S&N

26.10.09

Inneresting.

It's not often we praise the American music industry (we find it to be much more homogenised and often less innovative than elsewhere) but let us now take a chance to do that, because this above is at number 1 on the US iTunes store, and whilst it's not at all down our street musically and we wouldn't pay 79 pence for it ourselves, we still consider this to be a good thing.

The little embedded video at the top of this post is "Fireflies", a single by American 'bedroom musician' and 'myspace phenomenon' Owl City. He is not at all the kind of artist who usually penetrates the upper reaches of the Billboard Hot 100. He's not a rapper, he's not a pop or R&B diva, he's not a country artist or a stadium rock band. He's not even the kind of ultra-commercial male singer/songwriter that conquers music charts with relative ease. He makes a kind of soft, melodic emotronica that was written off as old hat and flavour-of-the-month when US band hellogoodbye scored a worldwide hit and then disappeared from the face of the earth in 2006.

Again, his music is not to our tastes and whilst pleasant, does indeed feel like it's verging on 'dated' already (such is the nature of our ephemeral fads and crazes) but his commercial success symbolises something very special that only seems to happen in the world of American popular music. A similar thing has happened with up-and-coming trashpop star Ke$ha, a similar thing happened with Lady GaGa last year, and a similar thing happened with Imogen Heap when her landmark (oft-copied-but-never-bettered) song "Hide and Seek" scored a prime spot on hit US show The OC: an outsider who doesn't necessarily have the financial backing of a priority artist or the industry connections of a spoiled pop brat manages to score a big hit in America.

And it's a beautiful thing.

We have to say, we're not entirely sure why or how this happens. Maybe it's because American charts are linked to and compiled using radio airplay, or maybe it's because America is so vast compared to other countries and their music markets that there's more scope for unforeseen underdog contenders, but for us British music journalists who mostly follow the British music industry it's a strange and heartening thing to see an unheard of young musician peddling something not-entirely-commercial and scoring a big hit.

In Britain this rarely happens, or with much less regularity than in the US. For a new, or unusual artist to hit the Top 10 over here they have to either win a talent contest or be put through the increasingly tedious machine that is the start-of-year hype list(s). They have to release endless taste-making 7 inch limited edition singles on obscure 'boutique' labels, court the middle class music press by doing Jools Holland and the Guardian culture supplement before anyone even knows who they are. And they have to endlessly chase and solicit the praises and support of BBC Radio 1, without whom fledgling artists often struggle to score a hit, but whom also, because radio airplay doesn't count towards charts in the UK, can't guarantee success to the artists they back.

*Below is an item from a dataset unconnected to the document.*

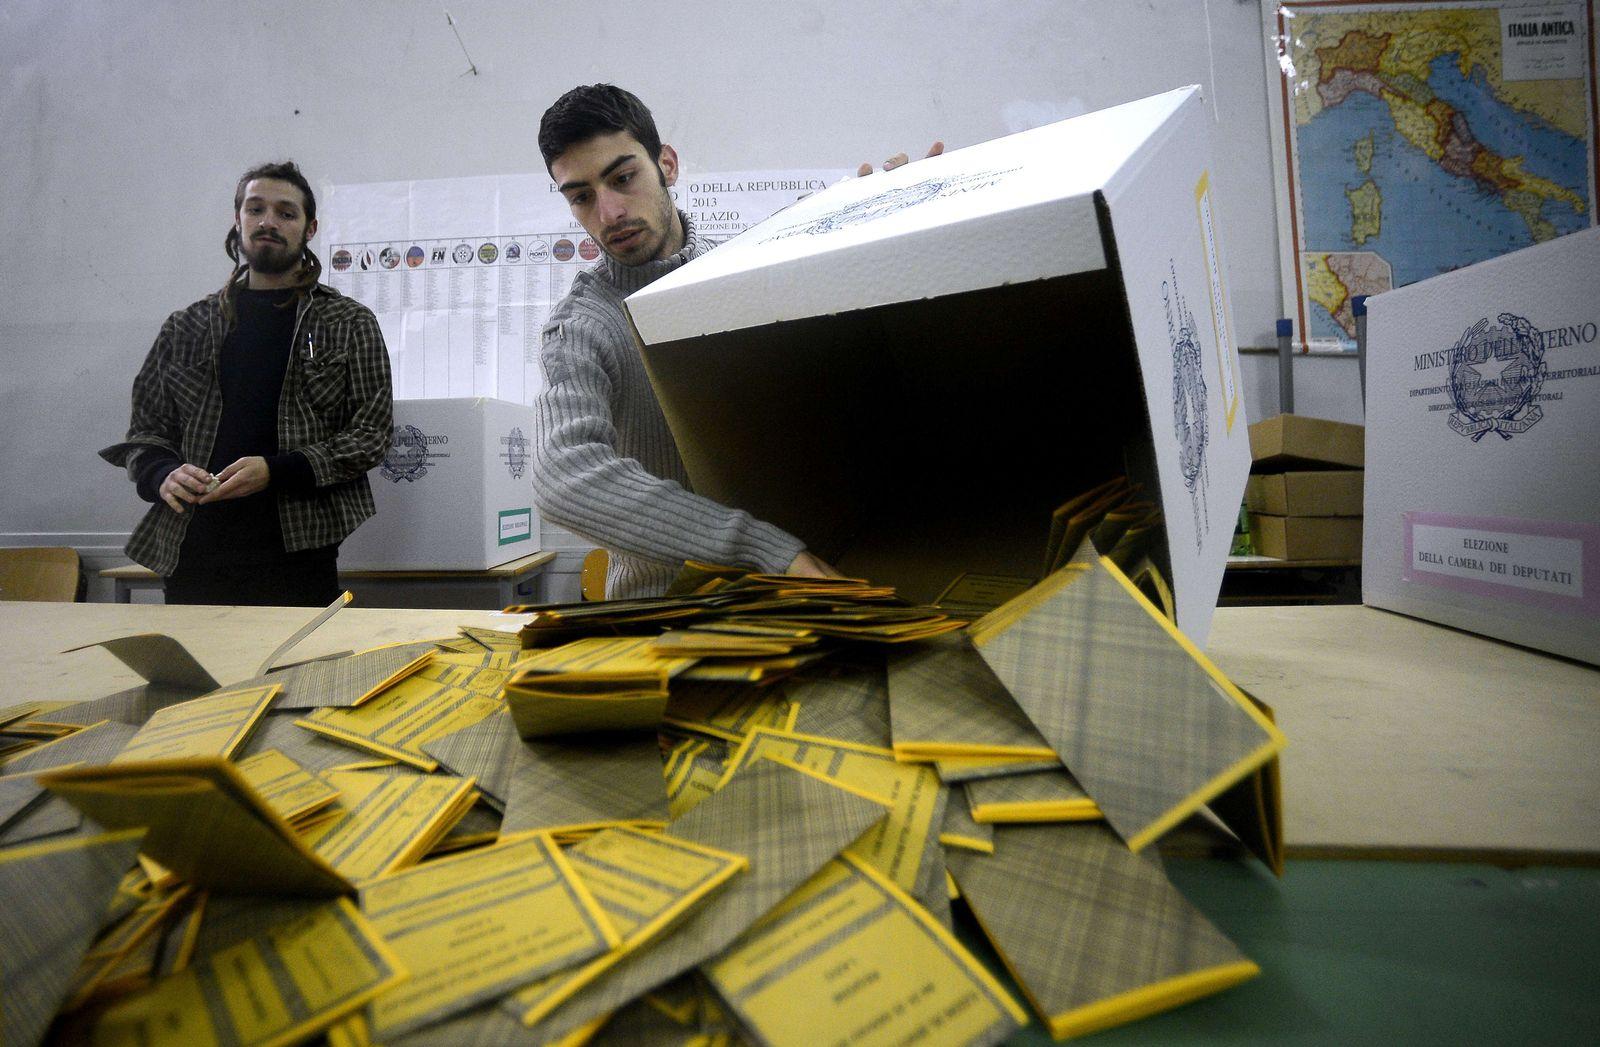 ITALY-VOTE

Or they have to be really lucky, like Speech Debelle, and win the Mercury Prize.

Even then, once they've caught the attention of the music journalism reading/listening public, they have to make even more concerted an effort to cross over into the mainstream. It's one thing to have the dedicated readers of the Observer Music Monthly on your side, but to even skim the top 10 you need to be completely ubiquitous. You need people who don't even listen to radio to be able to hum your song, either because it's endlessly blasted over shop tannoys, or because their children are forever watching the video on TV over breakfast. For a left-of-field or brand new artist to go top 10 you either need to do a hell of a lot of work, get really very lucky or just risk it and rely on that bizarre and intangible wildfire-like magic that got La Roux one of the top selling singles of the year.

What we're trying to say, basically, is that for commercial success to come to unheard of artists in Britain, the whole country has to fall in love with them, even if only for a few weeks. They have to be approved by some corner of the media and they have to shift a lot of actual sales.

But in America, where radio really matters and where teenagers with their slightly skewed musical obsessions can use word-of-mouth to hoik something unusual into the bottom end of the top 100, that previously mentioned wildfire-like appreciation for something that in Britain wouldn't get a look in, seems to genuinely make a difference to artists and work on a much more regular basis than over here where it's a rare occurrence, so much so that it's something to be marvelled at.

(We're not entirely sure if we've got this one right so... please correct us if we're wrong.)